[Numpy-discussion] Coverting ranks to a Gaussian

Mon Jun 9 23:09:26 EDT 2008

On Mon, Jun 9, 2008 at 7:35 PM, Robert Kern <robert.kern at gmail.com> wrote:
> On Mon, Jun 9, 2008 at 21:06, Keith Goodman <kwgoodman at gmail.com> wrote:
>> On Mon, Jun 9, 2008 at 4:45 PM, Robert Kern <robert.kern at gmail.com> wrote:
>>> On Mon, Jun 9, 2008 at 18:34, Keith Goodman <kwgoodman at gmail.com> wrote:
>>>> Does anyone have a function that converts ranks into a Gaussian?
>>>>
>>>> I have an array x:
>>>>
>>>>>> import numpy as np
>>>>>> x = np.random.rand(5)
>>>>
>>>> I rank it:
>>>>
>>>>>> x = x.argsort().argsort()
>>>>>> x_ranked = x.argsort().argsort()
>>>>>> x_ranked
>>>>   array([3, 1, 4, 2, 0])
>>>
>>> There are subtleties in computing ranks when ties are involved. Take a
>>> look at the implementation of scipy.stats.rankdata().
>>
>> Good point. I had to deal with ties and missing data.

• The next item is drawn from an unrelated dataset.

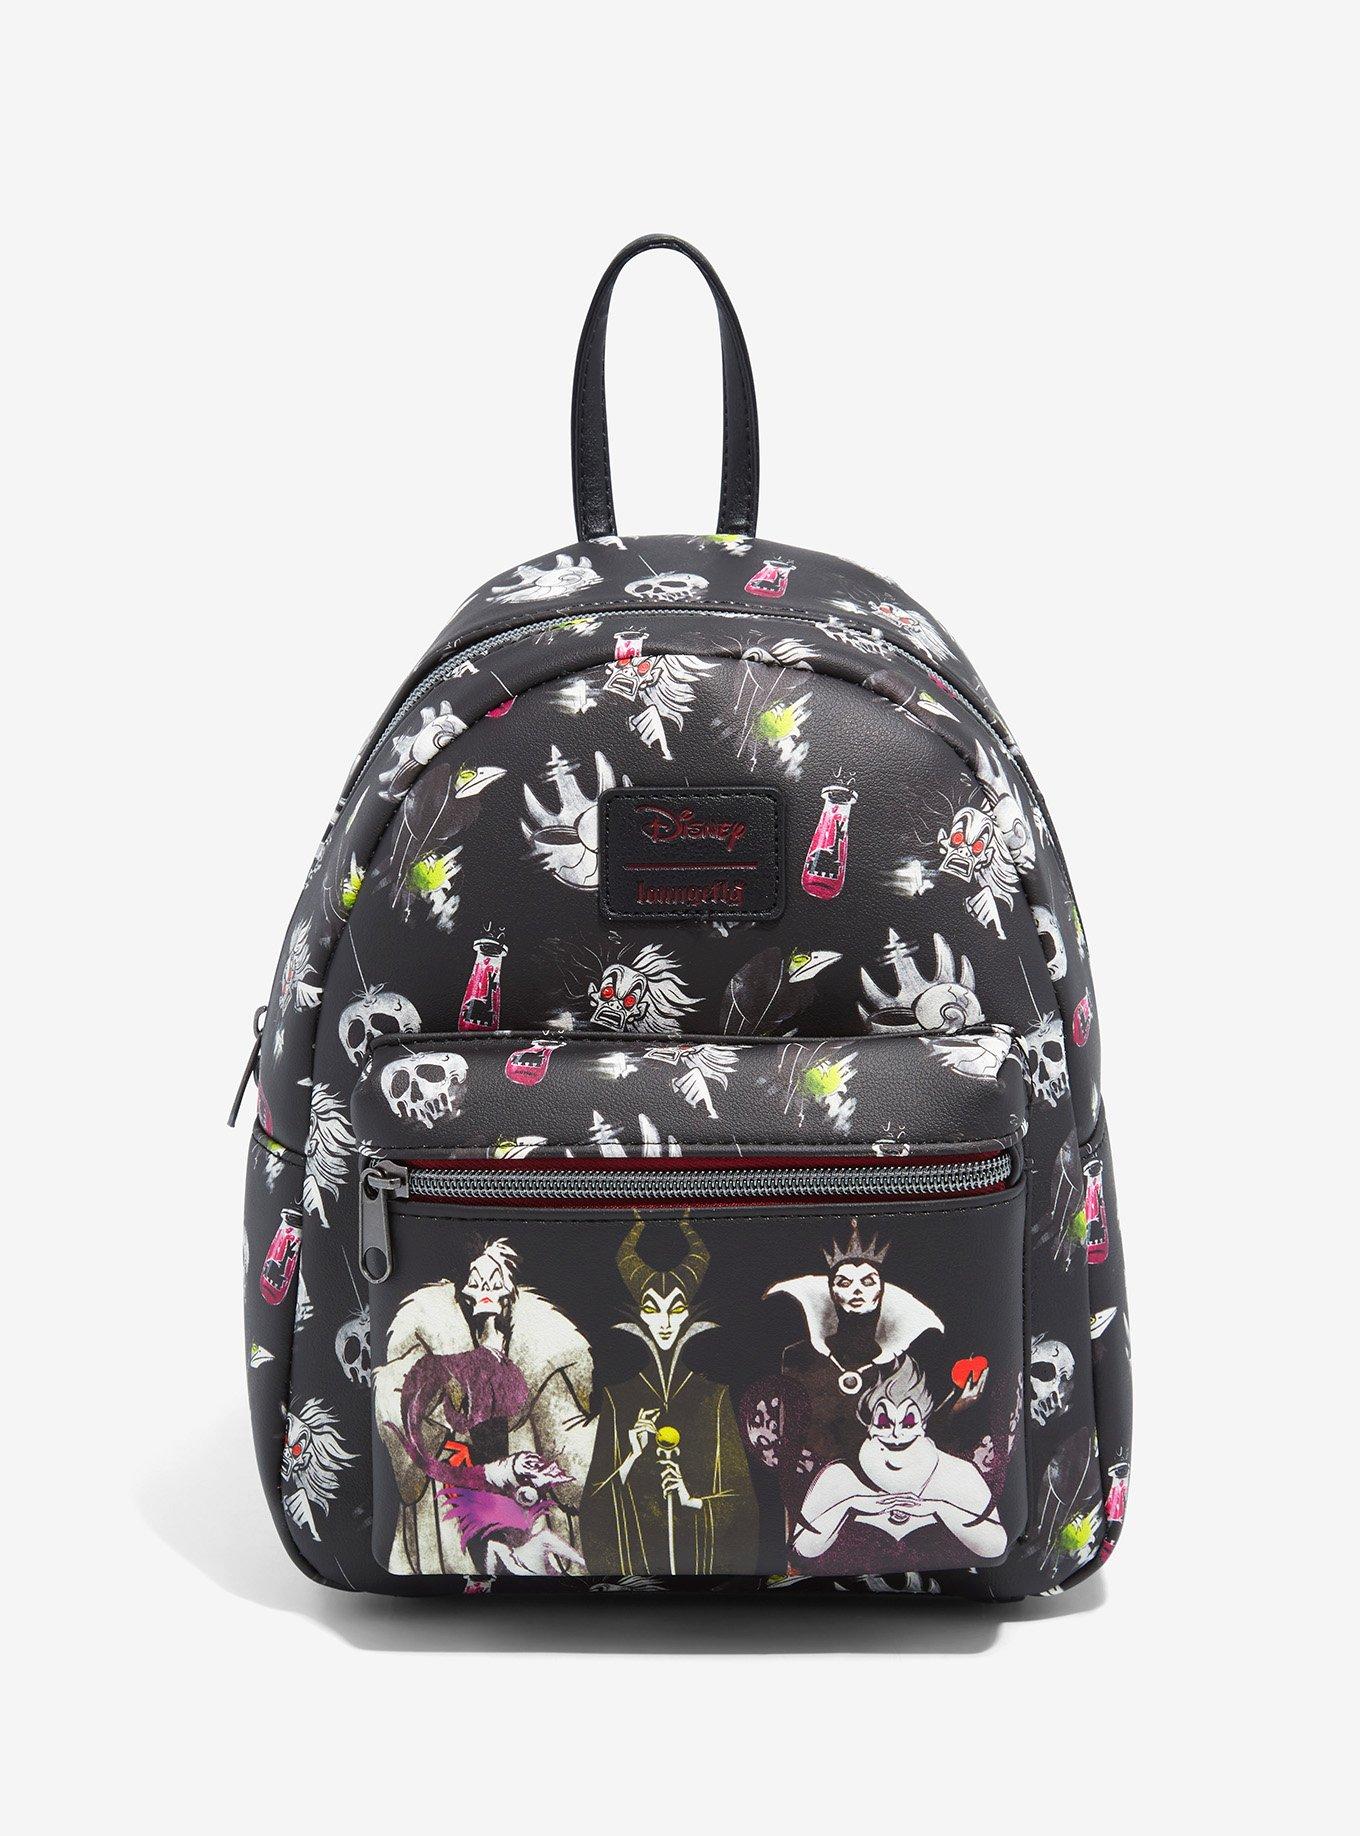 Loungefly Disney Princess Icons Mini Backpack, Hot Topic

I bet
>> scipy.stats.rankdata() is faster than my implementation.
>
> Actually, it's pretty slow. I think there are opportunities to make it
> faster, but I haven't explored them.
>
>>>> I would like to convert the ranks to a Gaussian without using scipy.
>>>
>>> No dice. You are going to have to use scipy.special.ndtri somewhere. A
>>> basic transformation (off the top of my head, I have no idea if this
>>> is statistically meaningful):
>>>
>>>  scipy.special.ndtri((ranks + 1.0) / (len(ranks) + 1.0))
>>>
>>> Barring tied first or last items, this should give equal weight to
>>> each of the tails outside of the range of your data.
>>
>> Nice. Thank you. It passes the never wrong chi-by-eye test:
>>
>> r = np.arange(1000)
>> g = special.ndtri((r + 1.0) / (len(r) + 1.0))
>> pylab.hist(g, 50)
>> pylab.show()
>
> BTW, what is your use case? If you are trying to compare your data to
> the normal distribution, you might want to go the other way: find the
> empirical quantiles of your data and compare them against the
> hypothetical quantiles of the data on the distribution. This *is* an
> established statistical technique; when you graph one versus the
> other, you get what is known as a Q-Q plot.

Some of the techniques I use are sensitive to noise. So to make things
more robust I sometimes transform my noisy, sort-of-normal data.
There's no theory to guide me, only empirical results.